Вместе с благоуханным весенним ветерком на нас нахлынула волна оптимизма. Далеко позади остались страхи, которые одолевали нас совсем недавно при мысли о полчищах Мичималонко. Мы чувствовали себя сильнее, несмотря на то что после побоища в Марга-Марга и Конконе и казни четверых предателей у нас осталось всего сто двадцать солдат.
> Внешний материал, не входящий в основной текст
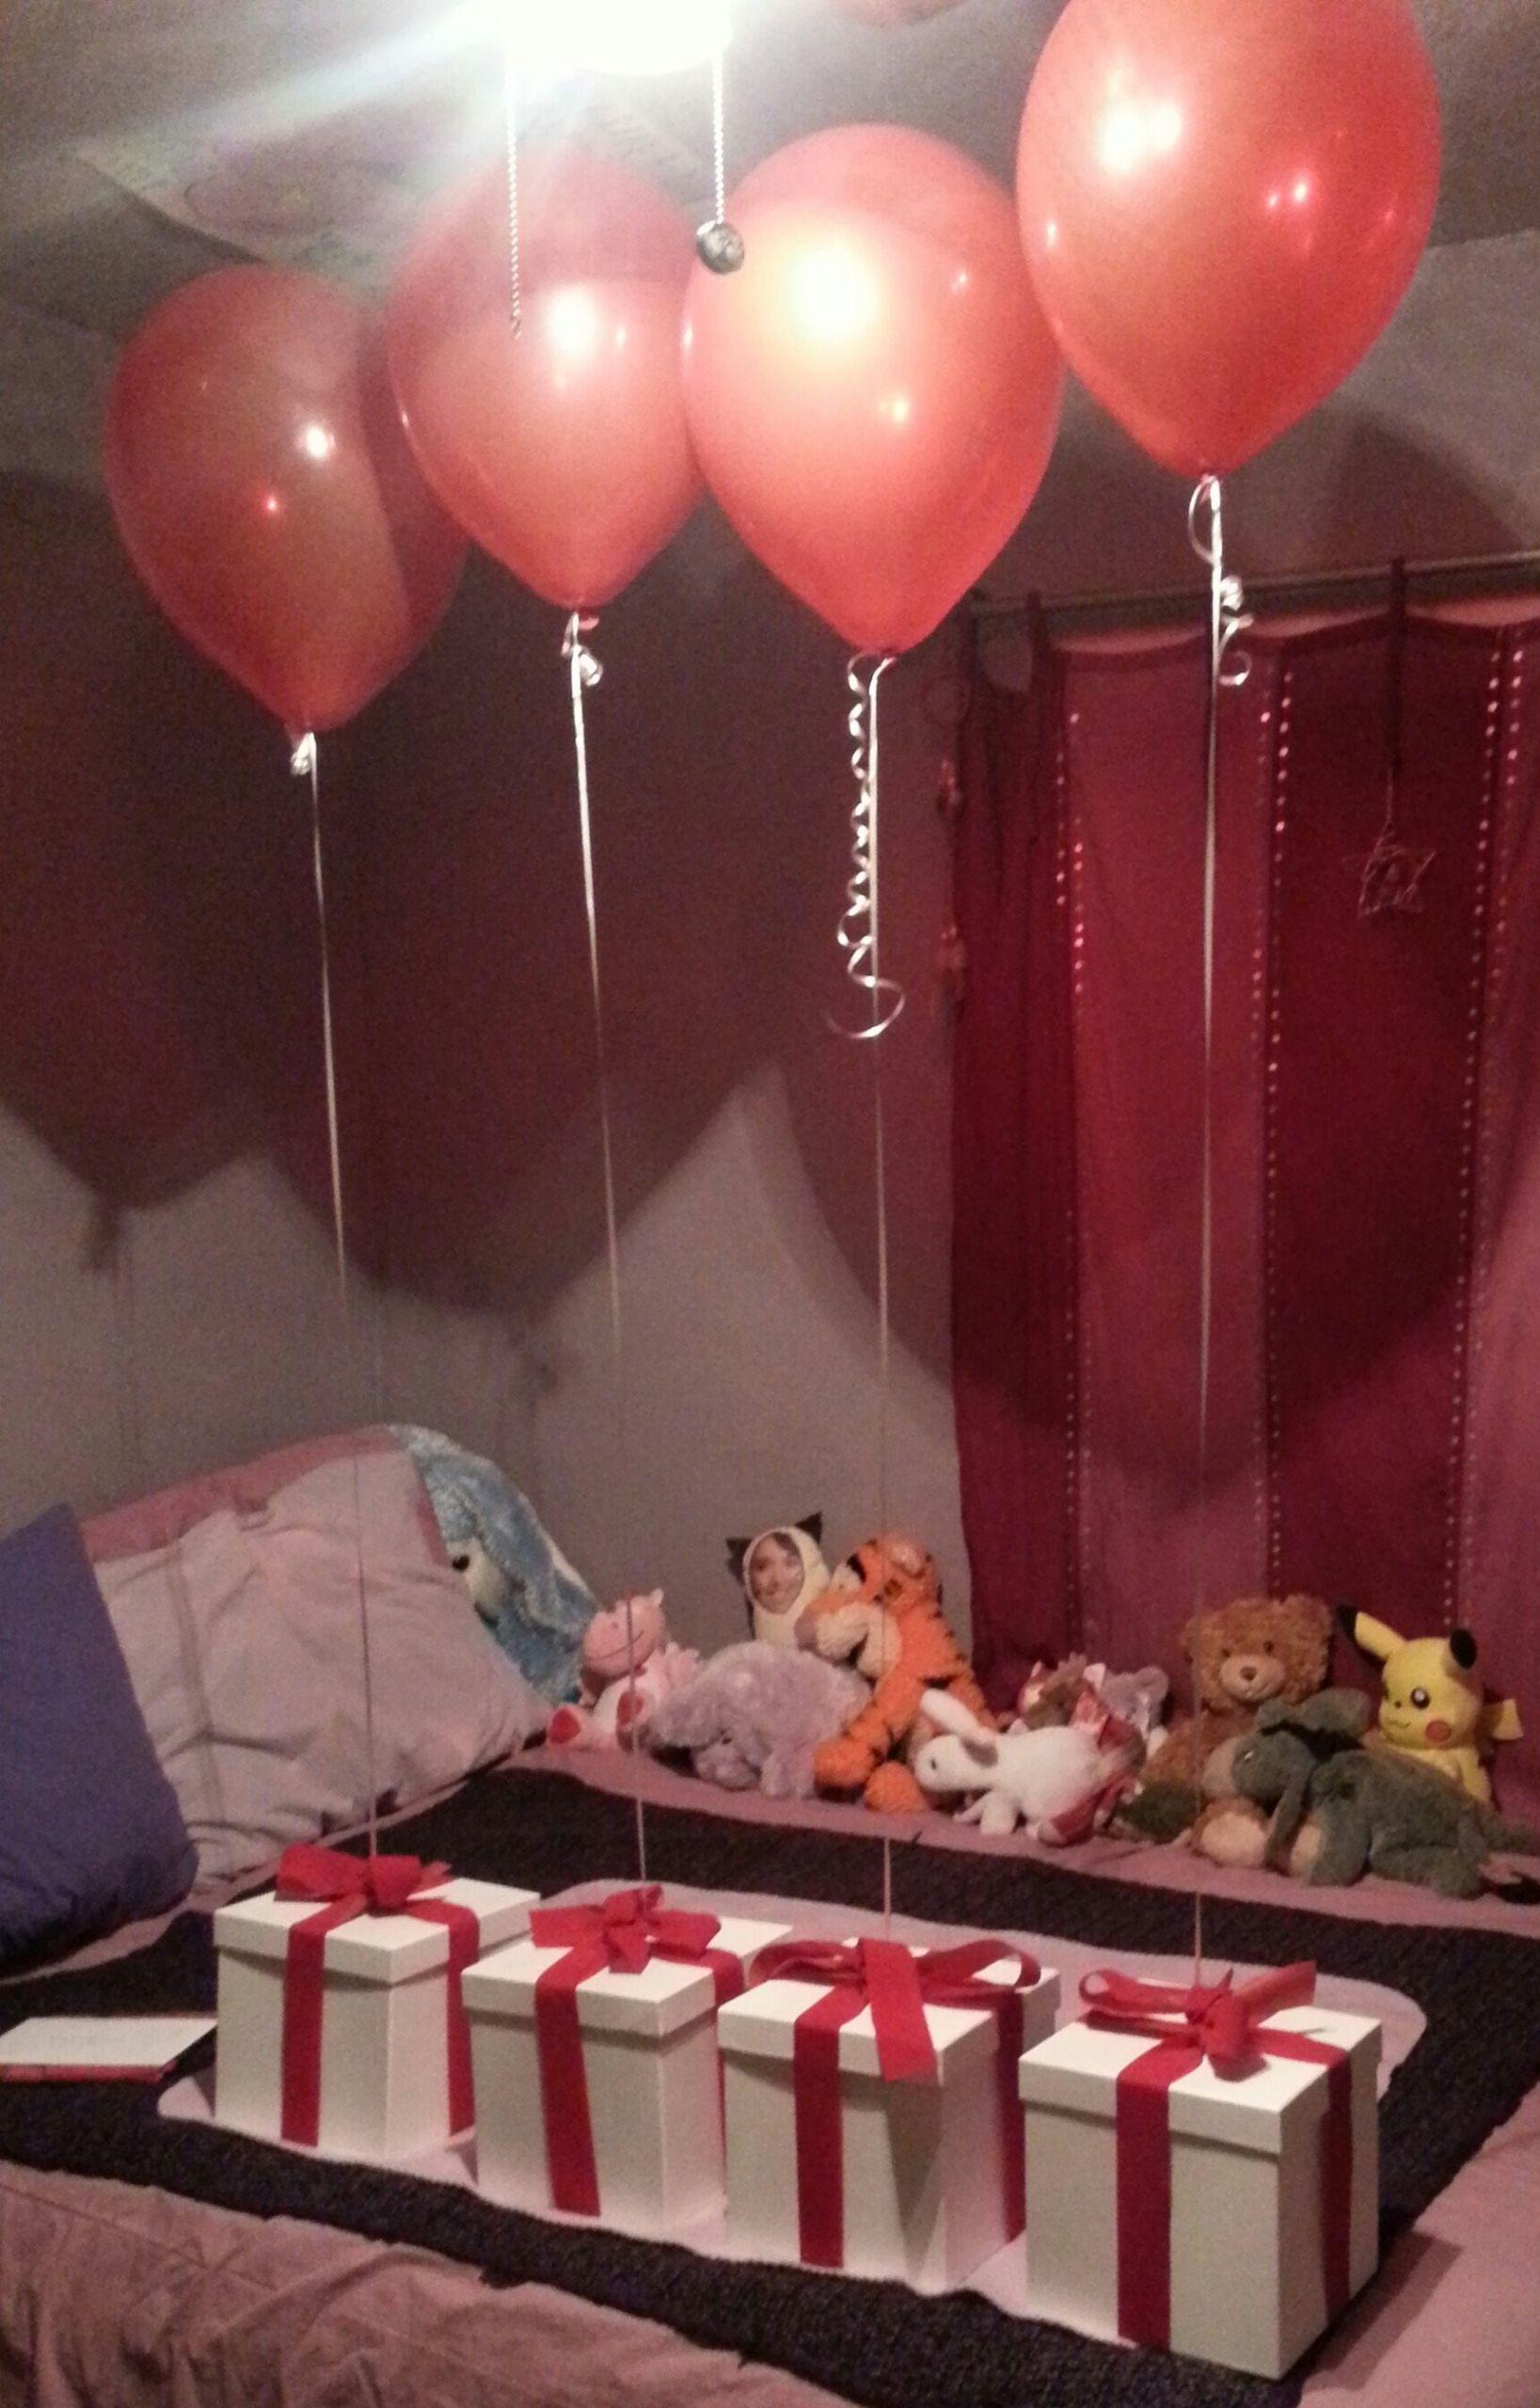 Cute Sentimental Gift Ideas For Boyfriend  10 Lovable Romantic Birthday Gift Ideas Boyfriend 2020

Сантьяго практически без потерь пережил грязь и ветродуй зимних месяцев, когда нам приходилось ведрами вычерпывать воду из домов; но дома выдержали этот потоп, и люди были здоровы. Даже наши индейцы, которые, бывало, умирали от обычной простуды, пережили зимнюю непогоду без особого труда.

Мы распахали земельные наделы и посадили мастиковые деревья, которые я тщательно укрывала от холодов. У животных уже прошел брачный период, и мы подготовили загоны для поросят, жеребят и лам, которые должны были скоро родиться. Было решено, что как только грязь подсохнет, мы начнем делать необходимые оросительные каналы и даже подумывали о строительстве моста через реку Мапочо, который соединил бы город с имениями, находившимися вокруг, но сначала нужно было закончить постройку церкви. В доме Франсиско де Агирре было уже два этажа, и здание продолжало расти; мы посмеивались над Агирре: у него было больше индианок и тщеславия, чем у всех остальных солдат, вместе взятых, и, видно, он хотел, чтобы его дом был выше церкви. «Этот баск считает себя выше Господа Бога», — говорили про него солдаты. Все женщины в моем доме всю зиму шили и обучали других женщин разнообразным домашним делам. Испанцы, всегда тщеславные и внимательные к внешнему виду, воспряли духом, увидев свои новые рубашки, аккуратно заштопанные штаны и починенные куртки. Даже Санчо де ла Ос вдруг перестал пытаться устраивать заговоры из темницы. Губернатор объявил, что скоро мы возобновим строительство бригантины, снова начнем мыть золото и отправимся на поиски серебряной жилы, о которой говорил вождь Витакура и которая на поверку оказалась в высшей степени неуловимой.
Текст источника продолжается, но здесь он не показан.